» WHAT TO PRODUCE
Would you print all of the entries exactly, please, but without their pictures?

» Dataset records
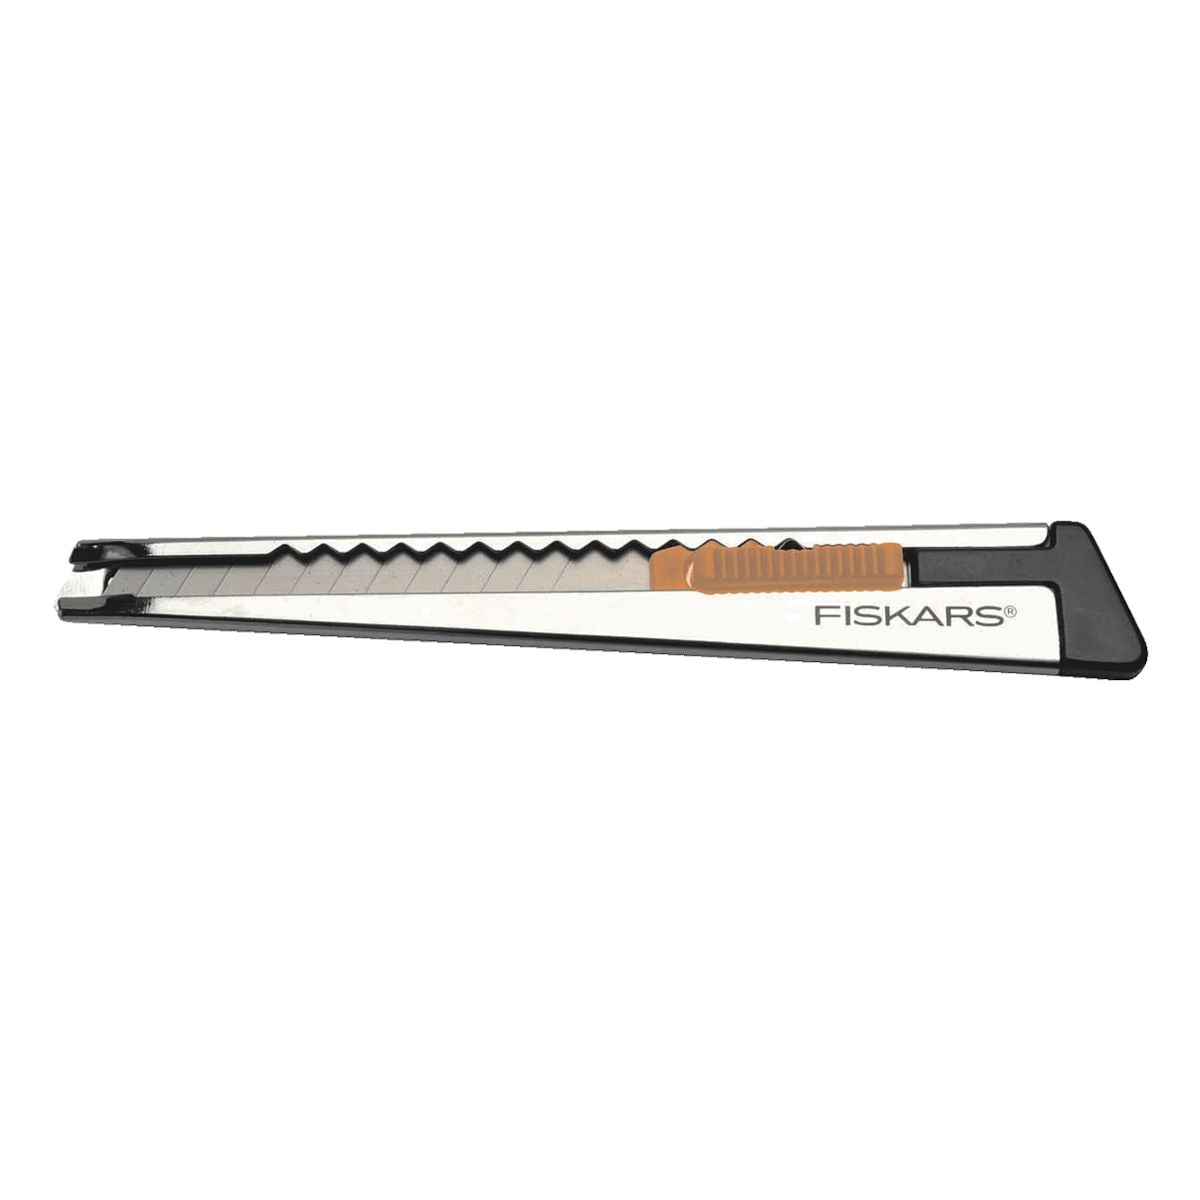 FISKARS Profi-Cuttermesser flach 9-1397 - 9 mm
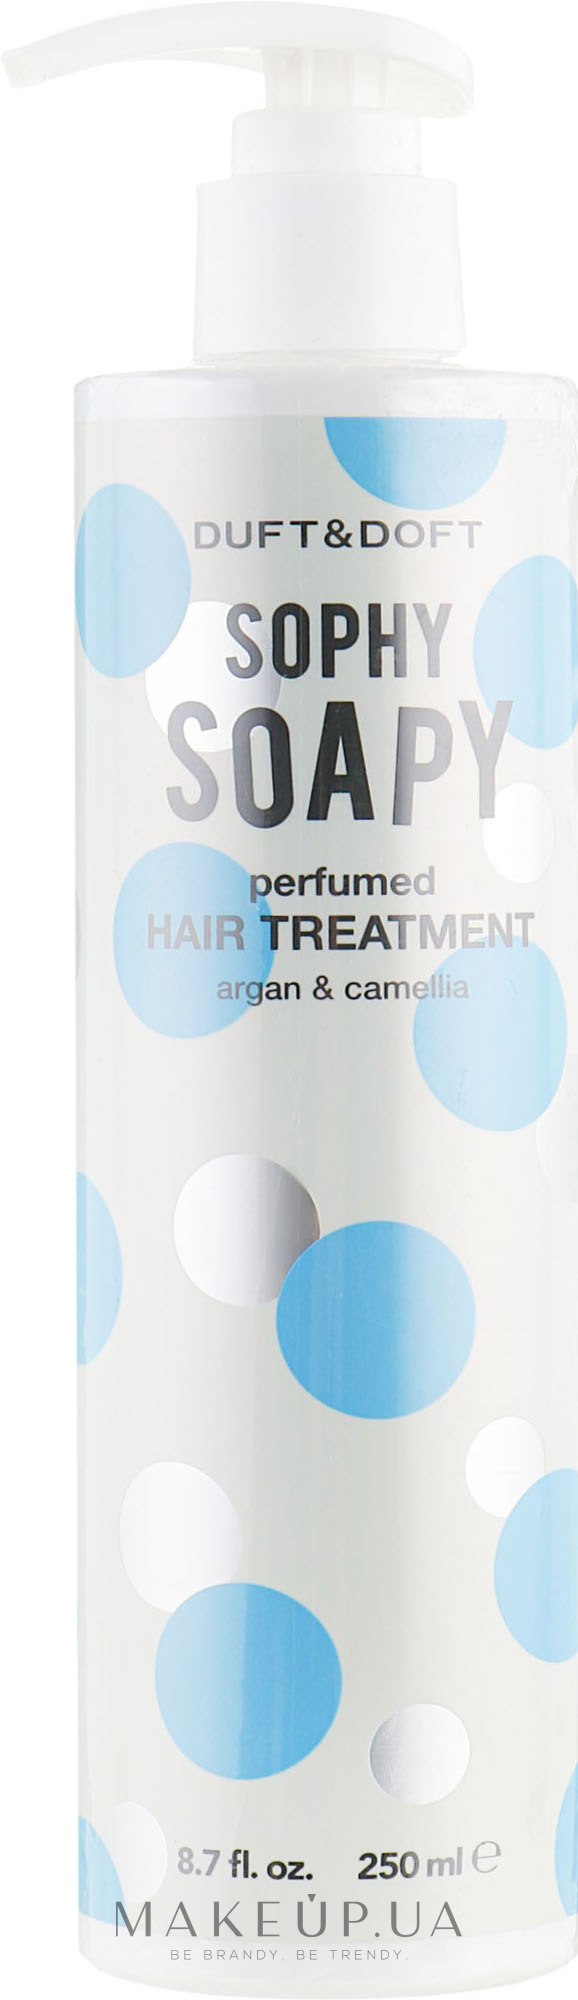 Відновлювальний комплекс для волосся - Duft & Doft Sophy Soapy Perfumed Hair Treatment — фото 250ml
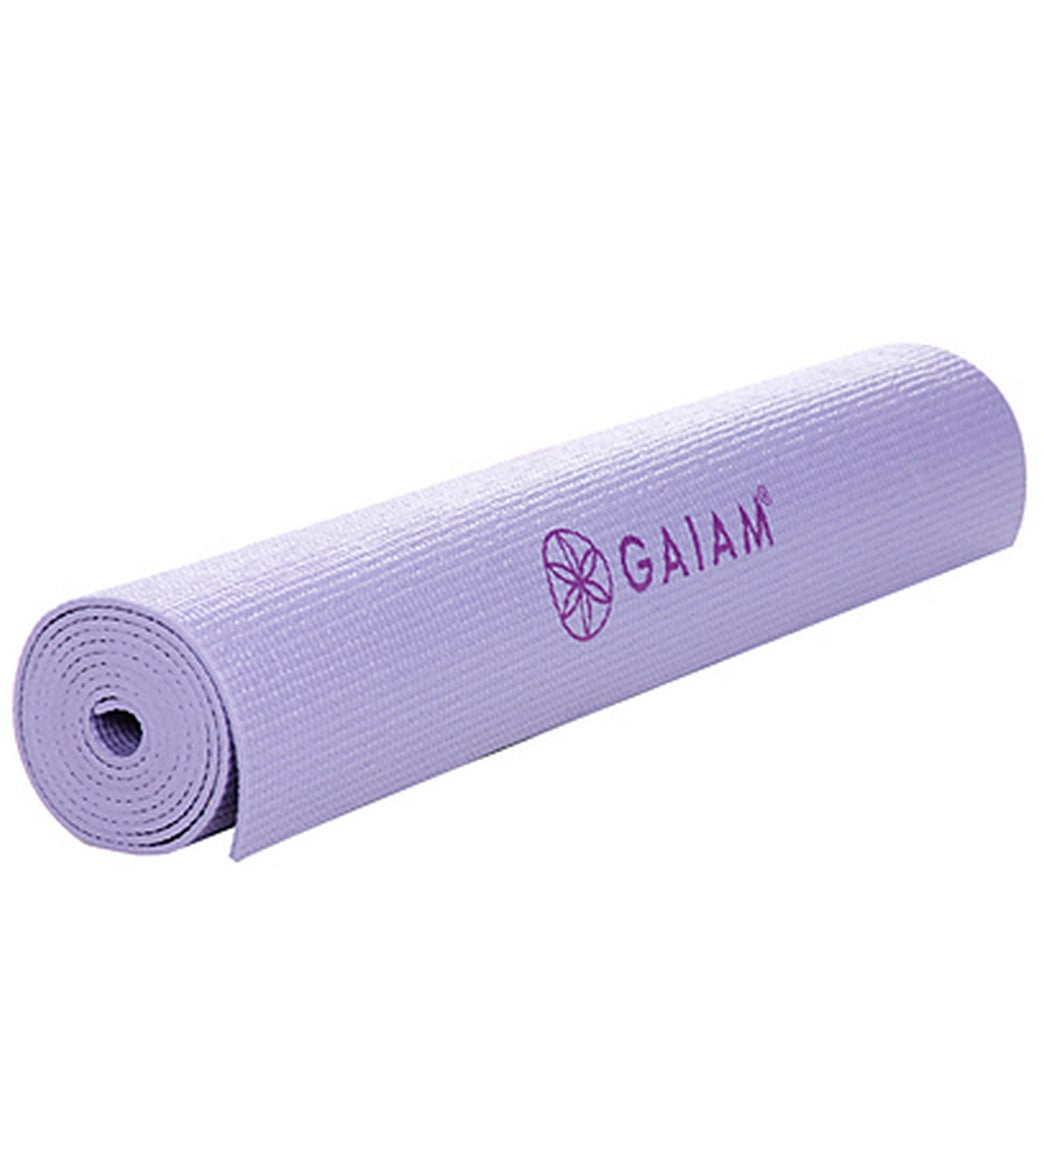 Gaiam Premium Metallic Medallion Yoga Mat- Premium Yoga Mats
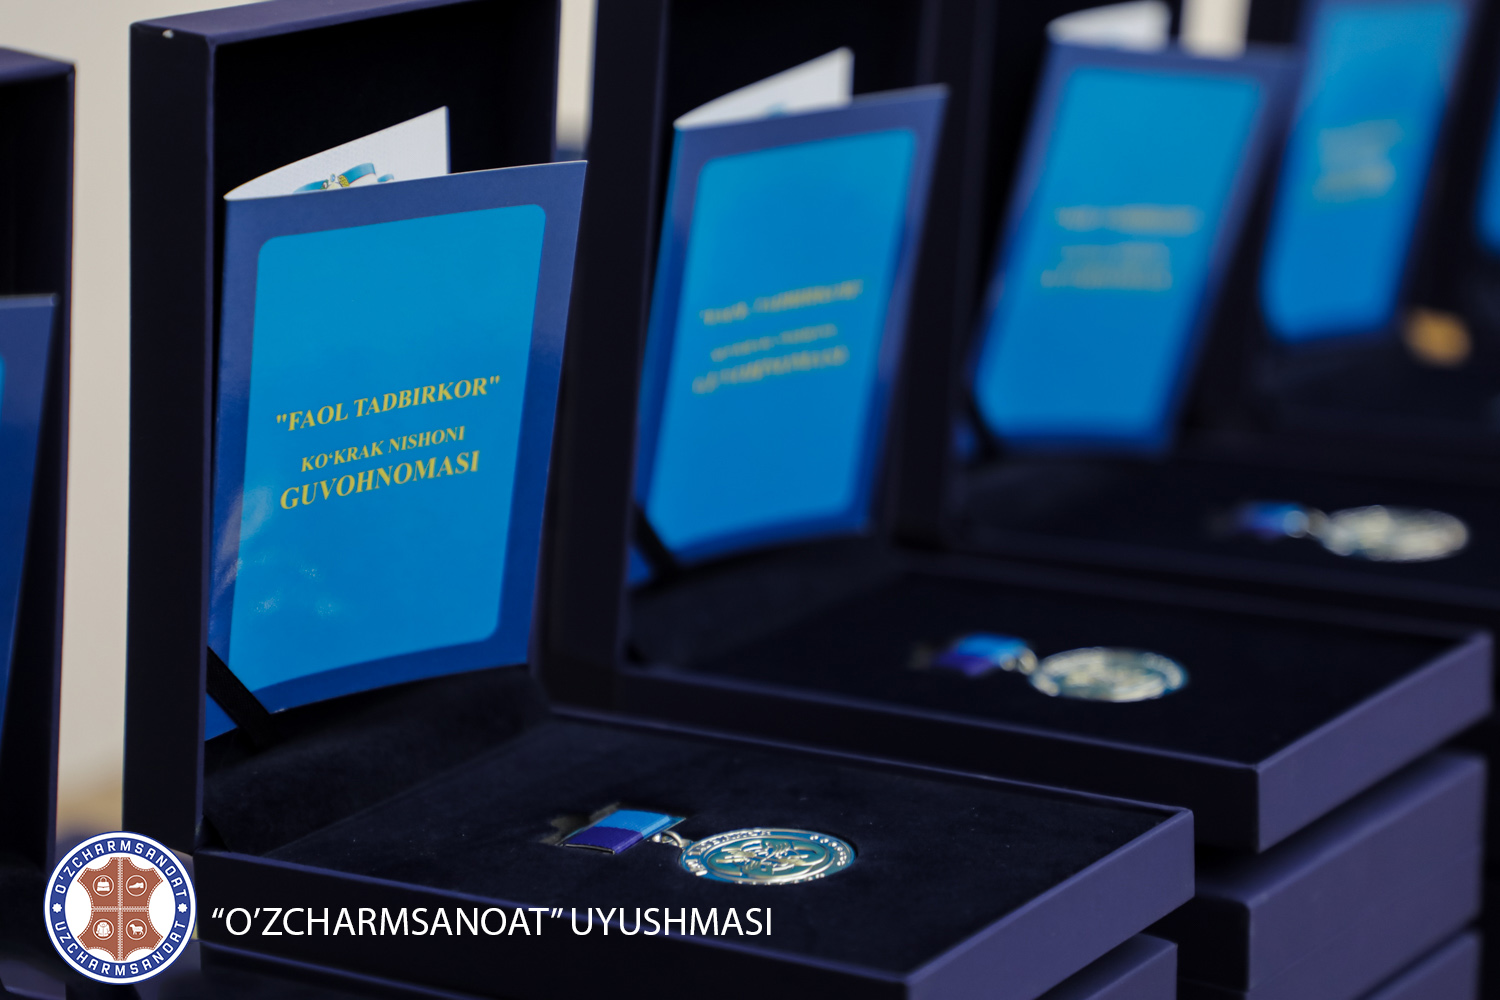 Предприниматели-члены ассоциации «Узчармсаноат» награждены нагрудным знаком «Фаол тадбиркор»
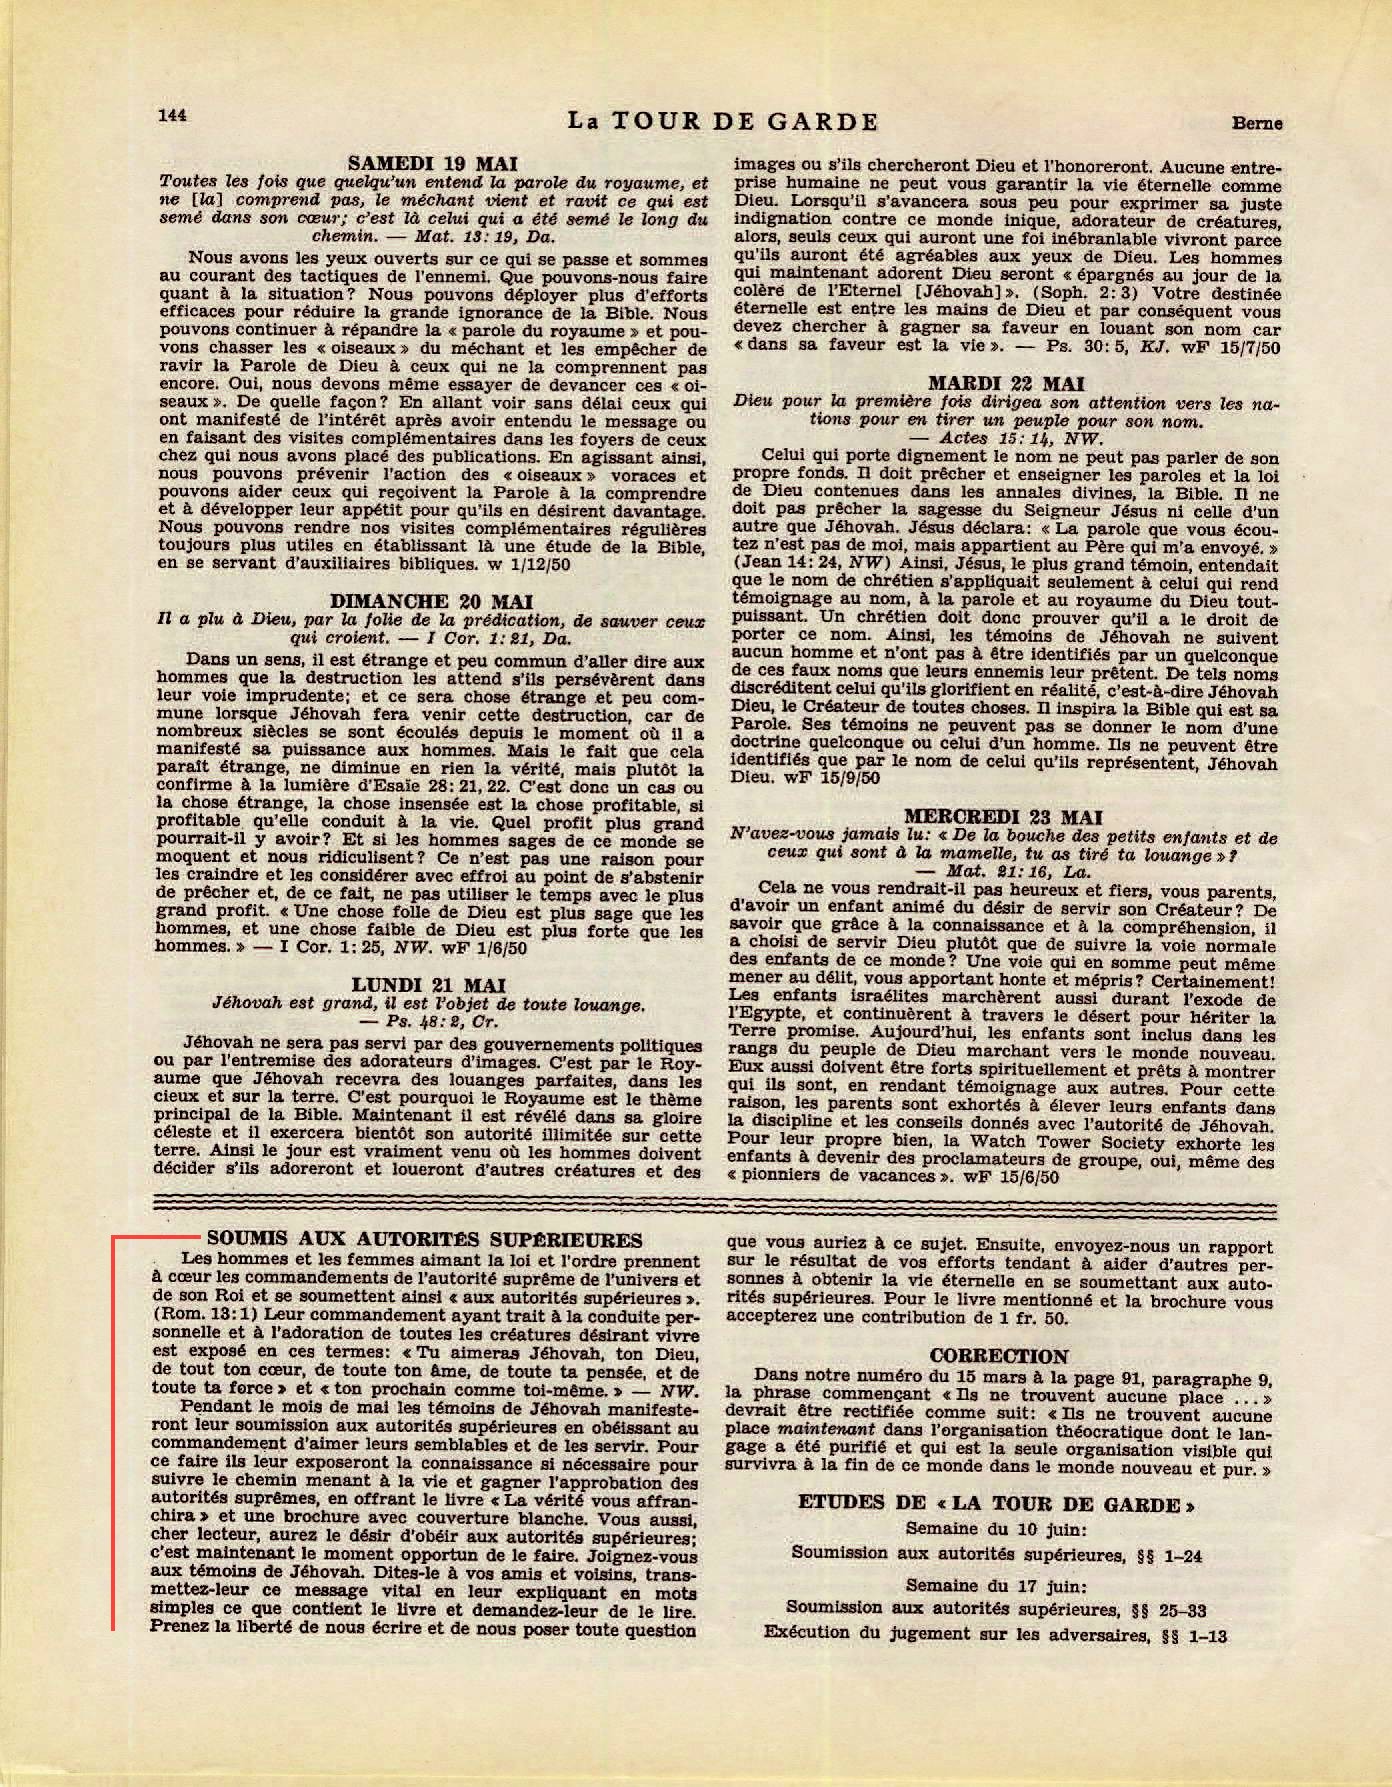 Les autorités supérieures  - Page 2 La-Tour-de-Garde-1-mai-1951-p144

» RESULT OF THE EXERCISE
 FISKARS Profi-Cuttermesser flach 9-1397 - 9 mm
 Відновлювальний комплекс для волосся - Duft & Doft Sophy Soapy Perfumed Hair Treatment — фото 250ml
 Gaiam Premium Metallic Medallion Yoga Mat- Premium Yoga Mats
 Предприниматели-члены ассоциации «Узчармсаноат» награждены нагрудным знаком «Фаол тадбиркор»
 Les autorités supérieures  - Page 2 La-Tour-de-Garde-1-mai-1951-p144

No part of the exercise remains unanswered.